Le SDCI est un document établi dans chaque département servant de cadre de référence à l’évolution de la carte intercommunale prévue par les dispositions des articles L 5210-1-1, L 5211-4-2, L 5211-9-2 et L 5211-41-3 du code général des collectivités territoriales.

Conformément à l’article L 5210-1-1, il prévoit la couverture intégrale du territoire départemental par des établissements publics de coopération intercommunale (EPCI) à fiscalité propre.

En l’espèce, le Préfet de Seine et Marne avait élaboré un SDCI qui avait été approuvé le 30 mars 2016 [ce schéma prévoyait entres autres, la fusion de trois communautés de communes mitoyennes et l’extension du périmètre du nouvel EPCI.]

Le Préfet avait alors pris en application de ce SDCI, un arrêté en date du 23 décembre 2016 portant création de la nouvelle Communauté de communes, issue de la fusion et extension du périmètre du nouvel EPCI.

L’article L 5210-1-1 prévoit également en son point III un certain nombre d’orientations que le SDCI doit prendre en compte.

Dans le cas d’espèce, trois communes ont saisi le juge des référés, afin d’obtenir la suspension de l’arrêté du 23 décembre 2016 au motif que le périmètre de l’EPCI retenu par le Préfet n’était pas cohérent avec les orientations figurant à l’article L 5210-1-1 III du code général des collectivités territoriales.

Le Tribunal administratif de Melun a rejeté leur demande par une décision du 31 janvier 2017 au motif qu’il s’agissait en fait d’une critique du SDCI par voie d’exception. Seule une commune a alors formé un pourvoi en cassation.

La Haute juridiction rappelle que conformément à sa jurisprudence « Communauté de communes du Val-de-Drôme » du 21 octobre 2016 req n° 390052, le SDCI est un acte administratif non réglementaire, susceptible de faire l’objet d’un recours pour excès de pouvoir dans un délai de deux mois. Ce délai étant dépassé, le juge précise que le SDCI et les arrêtés pris pour son application ne constituent pas une opération complexe, qualification qui aurait permis d’obtenir l’annulation du SDCI malgré le dépassement de délai. Par voie de conséquence, il n’est pas possible de contester le périmètre du nouvel EPCI en remettant en cause la légalité du SDCI.

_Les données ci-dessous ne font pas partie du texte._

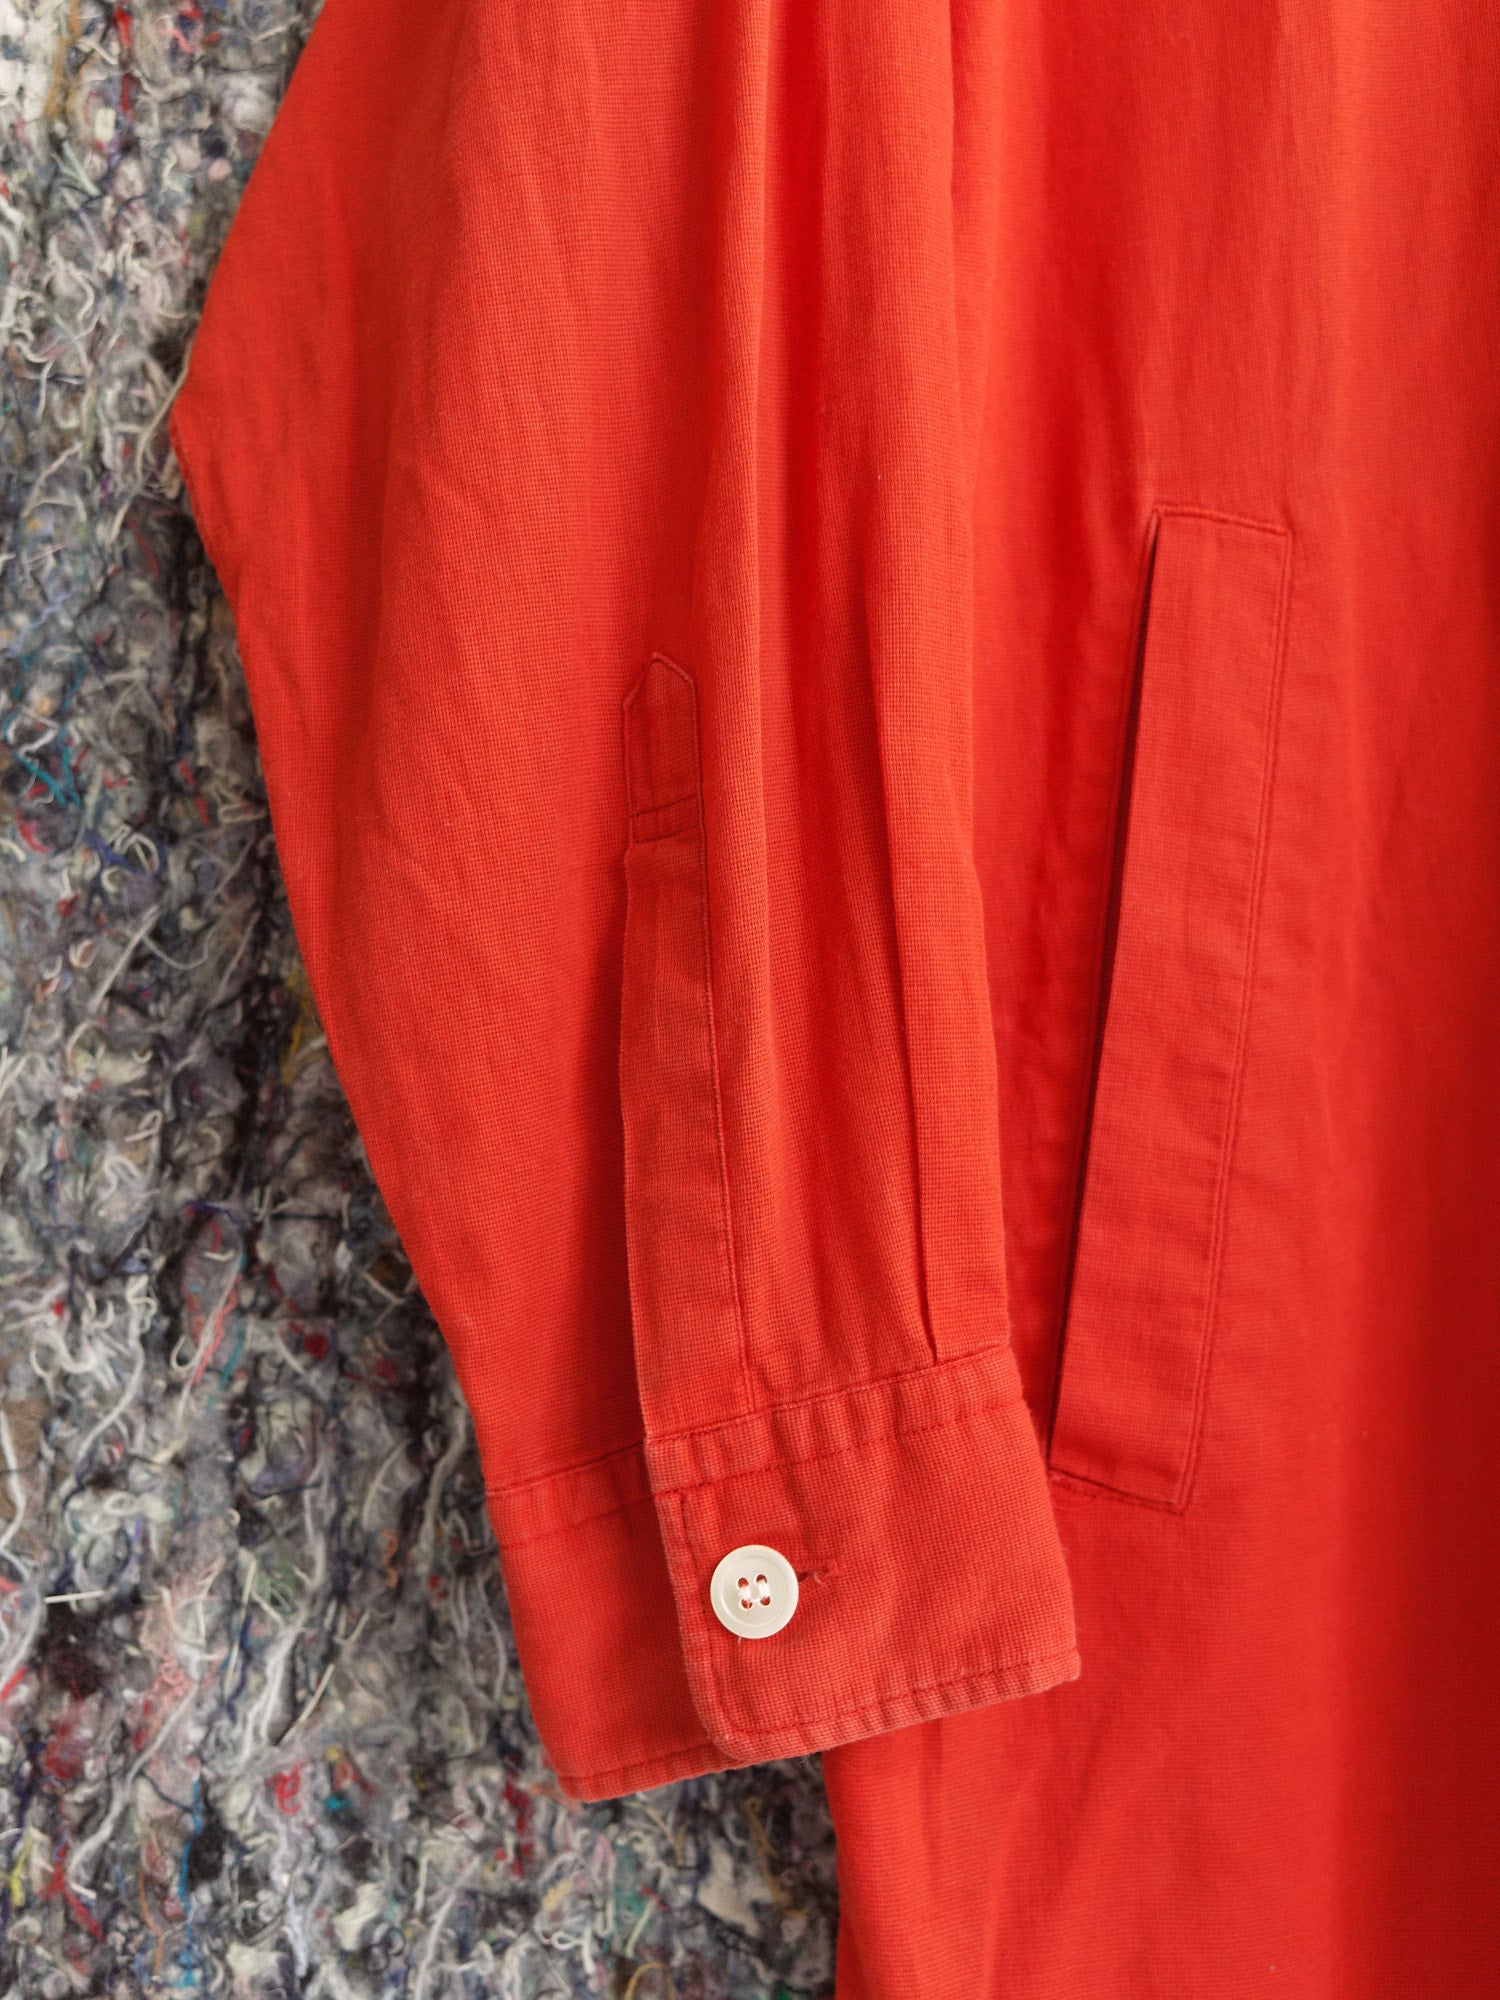 Comme des Garcons Homme 1997 red cotton drawstring hem zip jacket - approx M

En ce sens le Conseil d’Etat confirme que c’est à bon droit que le tribunal administratif a jugé que les requérants ne pouvait pas attaquer le SDCI par voie d’exception.

Le Conseil d’Etat accueille néanmoins le moyen tiré de l’incompatibilité du périmètre du nouvel EPCI avec les orientations contenues dans l’article L 5210-1-1 III du Code général des collectivités territoriales :

« Les arrêtés portant création ou transformation d’établissements publics de coopération intercommunale qui sont destinés à assurer la mise en œuvre du schéma départemental prévu par les dispositions précitées du I de l’article L 5210-1-1 du code général des collectivités territoriales doivent, comme le schéma lui-même, prendre en compte les orientations définies par le III du même article [...] la méconnaissance de ces orientations peut être invoquée à l’appui d’une demande d’annulation de pouvoir des arrêtés ».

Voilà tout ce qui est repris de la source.